We looked at a Personal Insolvency Agreement (Part X of the Bankruptcy Act) as a potential solution but the client decided to see what he could obtain via a negotiation with creditors (a private treaty) first. In Australia PIAs have been seen as a bit dodgy in the last decade and so the procedure isn’t used as much as in the recent past. It requires a 75% favourable vote from creditors so the bank would have had a veto on that PIA process anyway if it didn’t want to agree.
We corresponded with creditors and liaised with the solicitors acting for the bank with the objective of stabilising the situation and putting into place an orderly process so that creditors didn’t feel it necessarily urgent to proceed with a bankruptcy court action. No creditor ended up starting a bankruptcy proceeding so the matter concluded as a private treaty.
The bank, due to the co-operation it received from Tom in its receivership, eventually decided to forgive the debt owed for a fraction of its face value. This represented an enormous win for the client and an excellent outcome from our firm. The client refinanced his residential mortgage with the bank and the bank’s equity position in this real asset was clarified.
Lessons learned by the client and takeaways for mining services subcontractors
- Pay yourself a salary: We have clients who invest significant sweat capital in a business that is in decline and they fail to pay themselves a salary. If you are the business owner it is prudent to pay yourself a salary during both good times and bad times.
- Personal guarantees: Remember to avoid STDs (sexually transmitted debt) so don’t allow your wife to become a company director and sign personal guarantees for creditors. It would be better to insulate her from your business.
- Dealing with creditors: Take a sensible course of action with the creditors because they may choose to make a commercial decision to forgive debt if they are satisfied they won’t get a better outcome through bankruptcy and they don’t want to punish you. If you don’t have the money to pay them, tell them rather than ghost them.
- SMSFs: A superannuation fund is an excellent asset protection instrument because it is usually protected from bankruptcy.
- Bait and switch tactics from professional advisers: Be careful of bait and switch tactics from professional advisers – if you are advised that voluntary administration is the best option (rather than a safe harbour restructure) consider the quality of the due diligence it is based upon. In this case study the voluntary administrators advised that voluntary administration was the best option to save the business without conducting any due diligence.

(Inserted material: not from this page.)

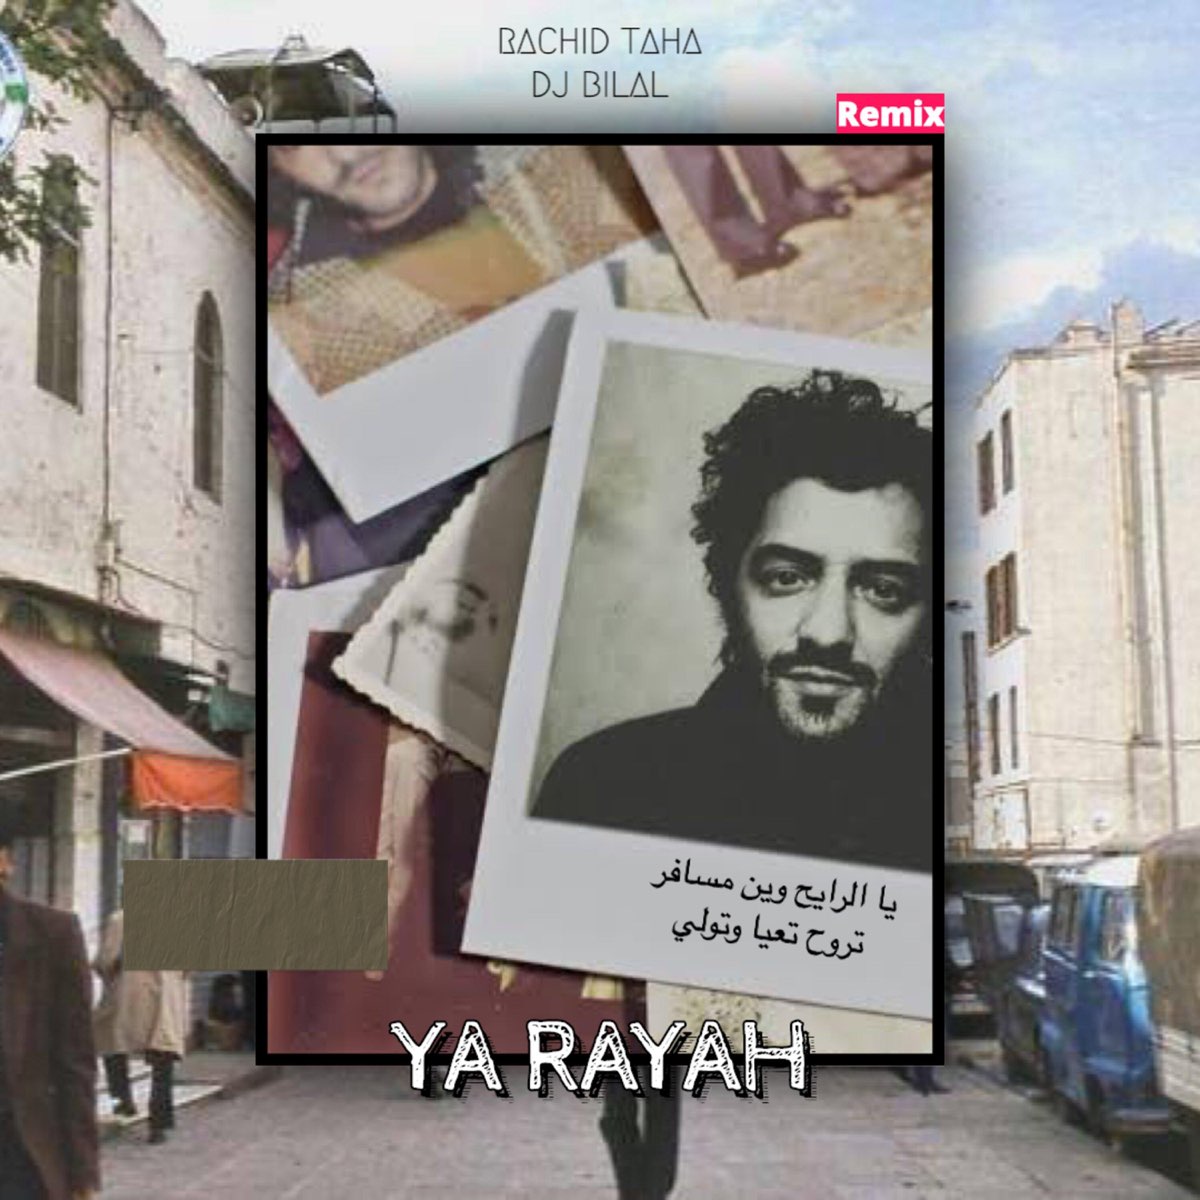 Ya Rayah يا رايح (feat. Rachid Taha) [Remix] [Remix] - Single by Dj Bilal  on Apple Music

The problem was that no one else did due diligence and our client didn’t realise that the voluntary administrators were actually legally prohibited from doing due diligence on the prospects of a VA process themselves so it was actually his responsibility to evaluate voluntary administration.

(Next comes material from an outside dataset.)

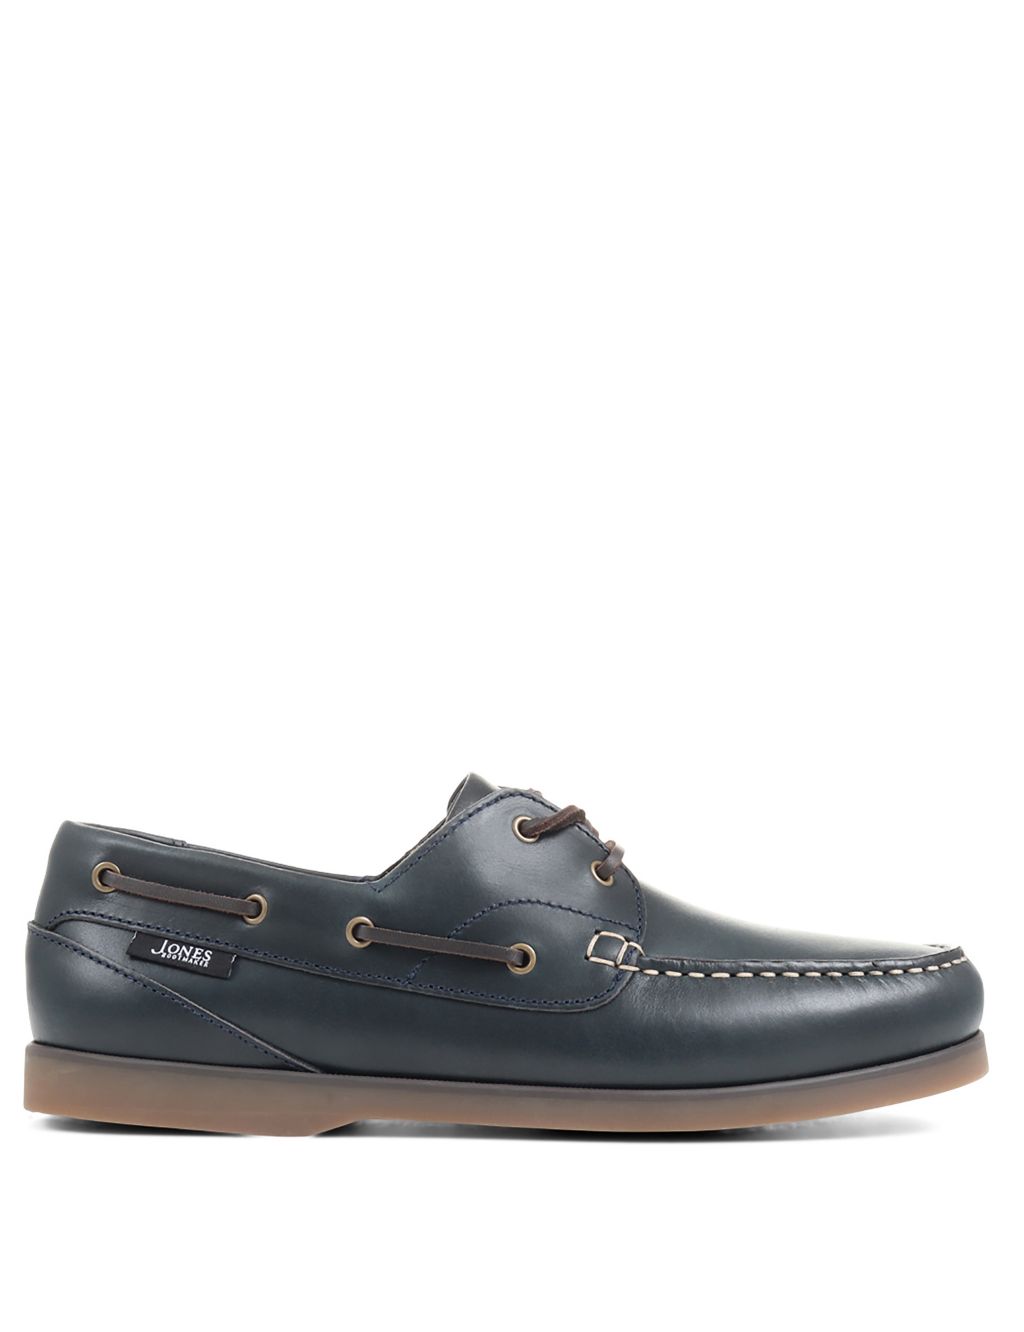 Leather Slip-On Boat Shoes image 2

- Use offshore corporations for overseas contracts: The client made the mistake of using Australian companies for overseas contracts – he should have considered creating offshore entities to insulate the Australian companies and vice versa. Why not use corporate structuring overseas better? The answer is that accountants in Australia aren’t comfortable with this so they don’t suggest it to clients.

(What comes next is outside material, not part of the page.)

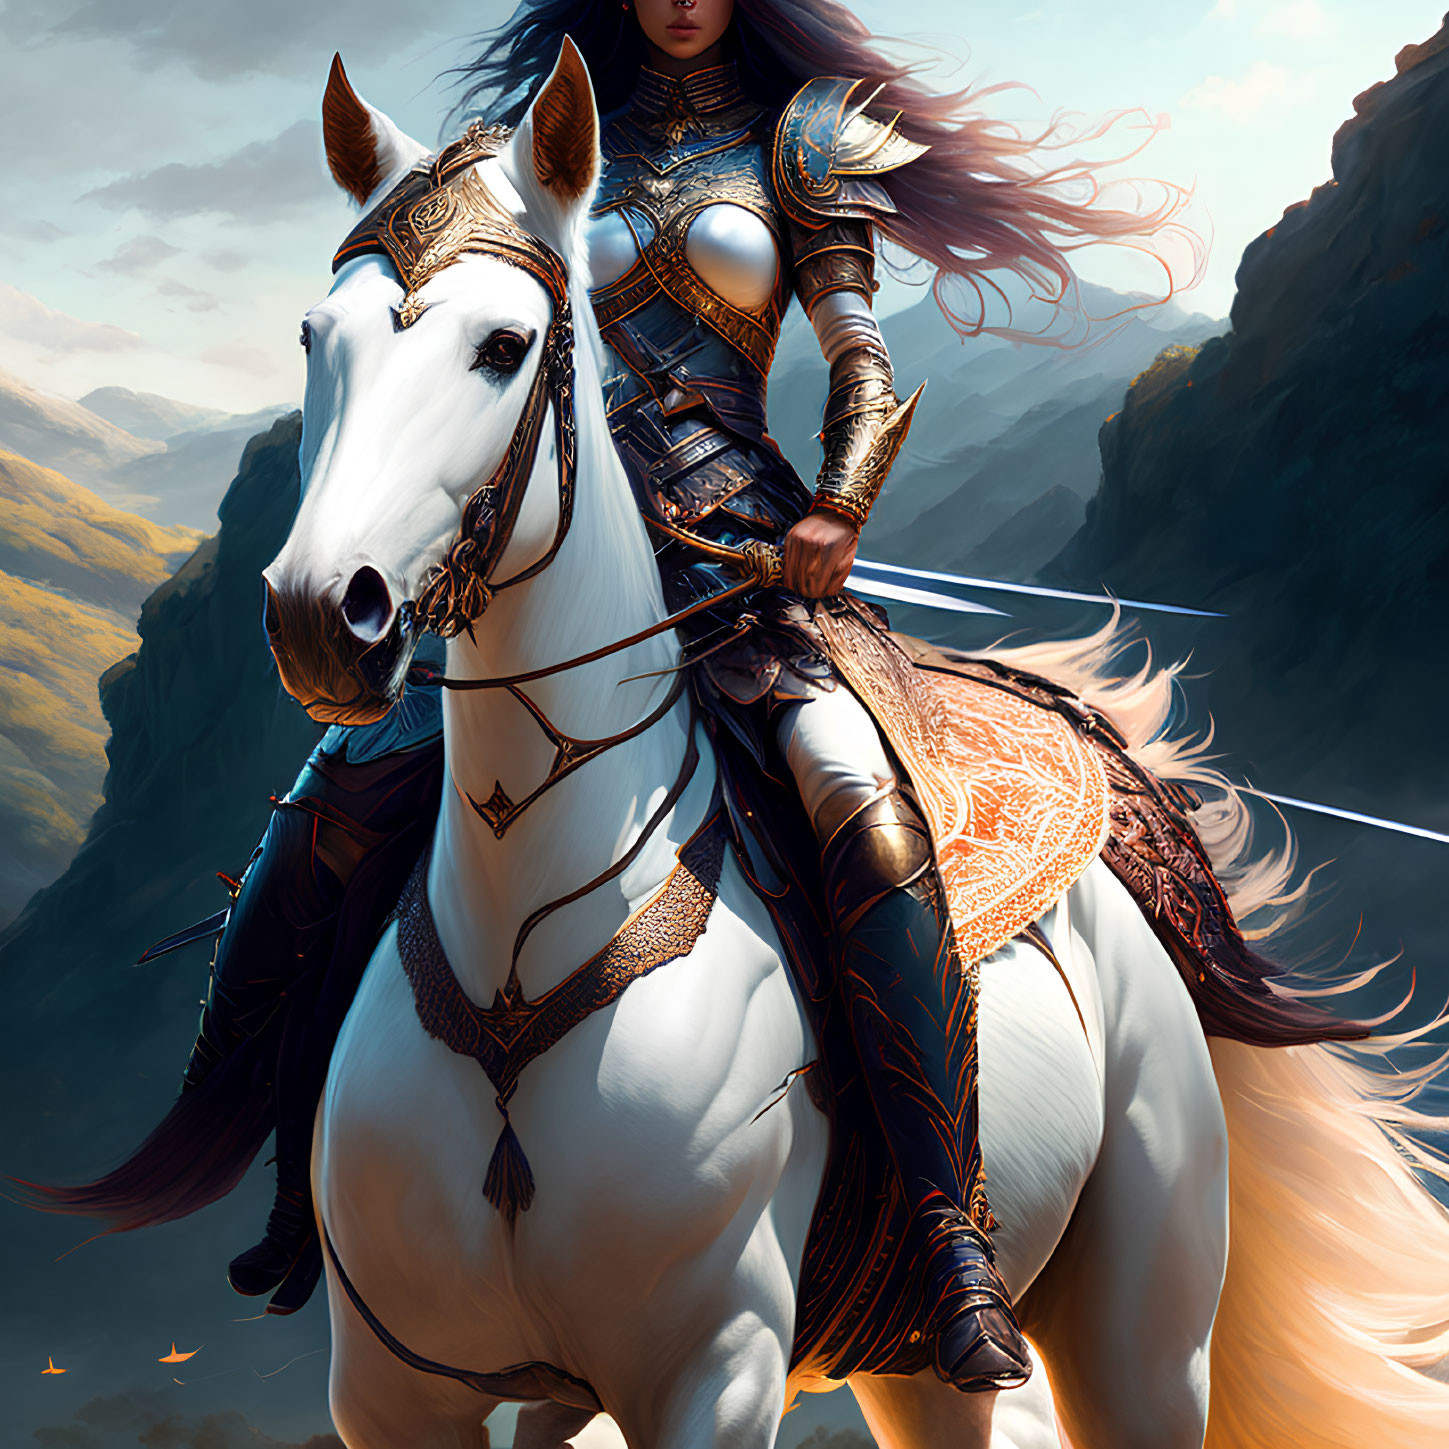 Armored warrior woman riding white horse in mountainous backdrop

- Exit strategy: Tom didn’t have an exit strategy for his business. There wasn’t anyone in his business that had enough nous to take it over and it is difficult to sell a mining subcontractor. There is no easy answer to how subcontractors can develop an exit strategy but given the sweat capital they invest in their business and the risks they take it is a critical issue for their future. One credible suggestion is that the business owner explores “half-retiring” a few years before actual retirement and focuses on a sale process as a project.